Enkele dagen geleden overkwam het me terug. Ik dacht erover na en stelde me enkele vragen… ‘die sokken zijn toch nog niet zo oud?’ en ‘enkel die ene teen?… terwijl mijn voormalige atletiekvoetjes zo keurig verzorgd zijn’. ‘Chinese makelij, zeker?’.

Die sokken waren dus nog ver van versleten en ik zei in mezelf ‘we gaan ze zaterdag aantrekken als ik in de tuin werk, maar vandaag… neen’.
Ik trok die sokken terug uit en stak ze opnieuw in de lade maar dan diep onderaan want ze moeten de volgende dag niet direct grijpbaar zijn.

Ik stond er even bij stil en er blijkt een diepere oorzaak te zijn die me deed beslissen om mijn sokken terug uit te trekken. Het zijn situaties die door mijn hoofd waren geflitst en die situaties wilde ik vermijden:

  • Vandaag zou ik mogelijk bij een Japannees moeten langsgaan en die vraagt mij om mijn schoenen aan de voordeur te laten staan. Die Japannees zou naderhand met een bedenkelijke blik naar mijn voeten kunnen kijken.
  • Stel je voor dat straks, net voordat ik mijn kantoor binnenstap, er een wolkbreuk is. Mijn schoenen komen dan helemaal vol water te staan en mijn deels versleten sokken moeten dan drogen op de radiator bij de koffiemachine. Mijn collega’s zien dan mijn sokken…
  • Ik stap in de loop van de dag over een zebrapad en ik zie een mooie dame. Zij glimlacht naar me en ik verlies de boordsteen van het voetpad uit het oog. Ik val. De mooie dame snelt naar me toe, ziet mijn voet zwellen en ze trekt mijn schoen uit. Intussen is die rechter teen door het resterende weefsel van mijn sok geraakt. Misschien trekt ze later, als ze naar me kijkt, nooit meer de hoeken van haar mond omhoog maar enkel nog haar neus omhoog.
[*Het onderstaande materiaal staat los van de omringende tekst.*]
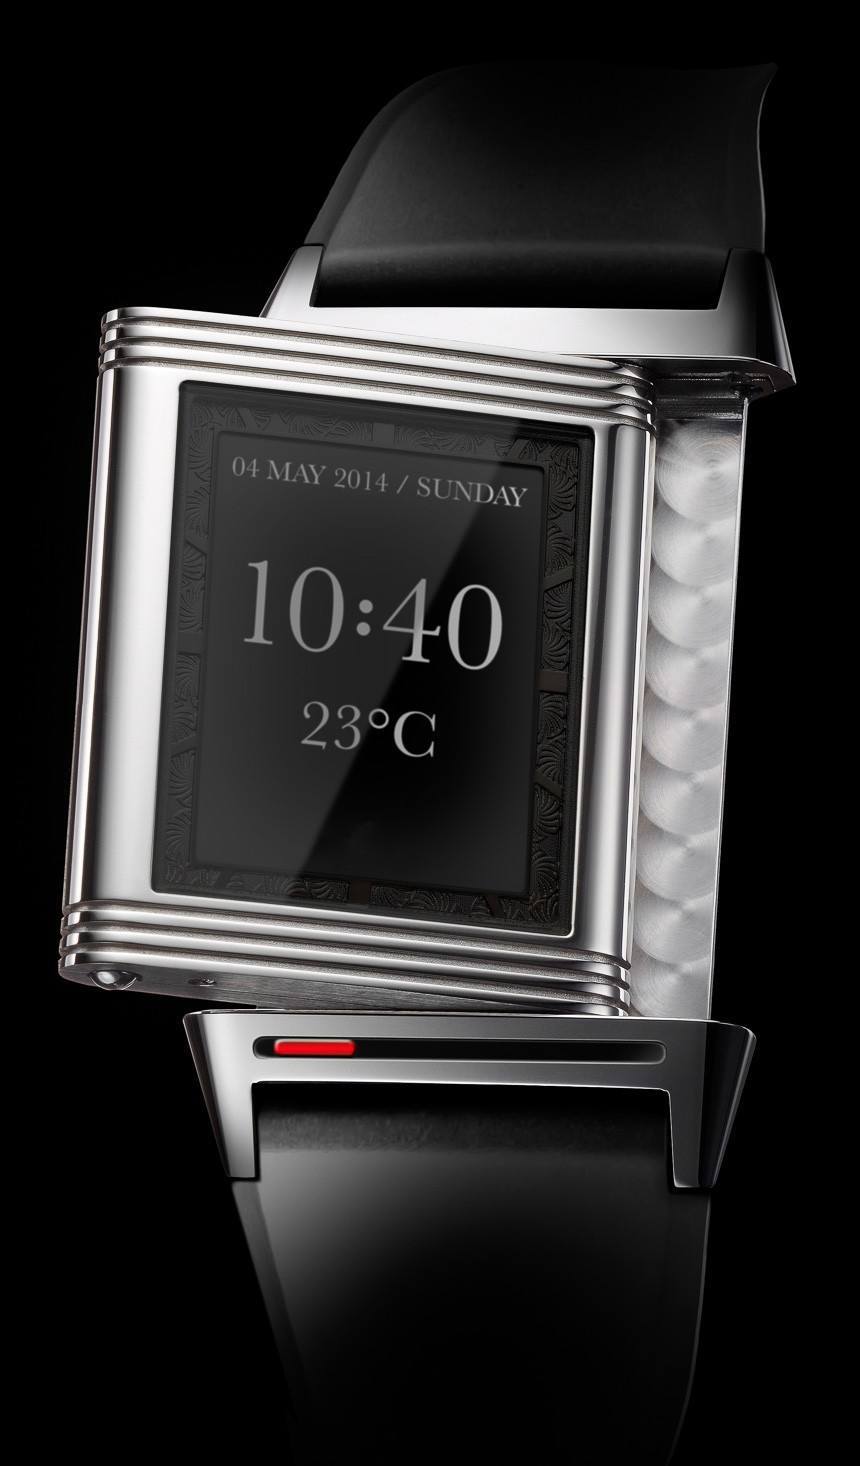 3 Concept Smartwatches That Could Be From Popular Swiss Luxury Brands Watch What-If

Je wilt het alle drie niet meemaken, maar je weet ook dat deze scenario’s zich quasi onmogelijk zullen voordoen.

Zo ken ik in de streek geen enkele Japannees en ze voorspellen vandaag enkel zonnig weer. Die mooie dame heb ik wel al op het oog maar daar is geen zebrapad dat aansluit op een stoeprand.
Hoe dan ook, vandaag dragen we deze sokken niet. Ik haal nog liever mijn sokken van gisteren uit de wasmand.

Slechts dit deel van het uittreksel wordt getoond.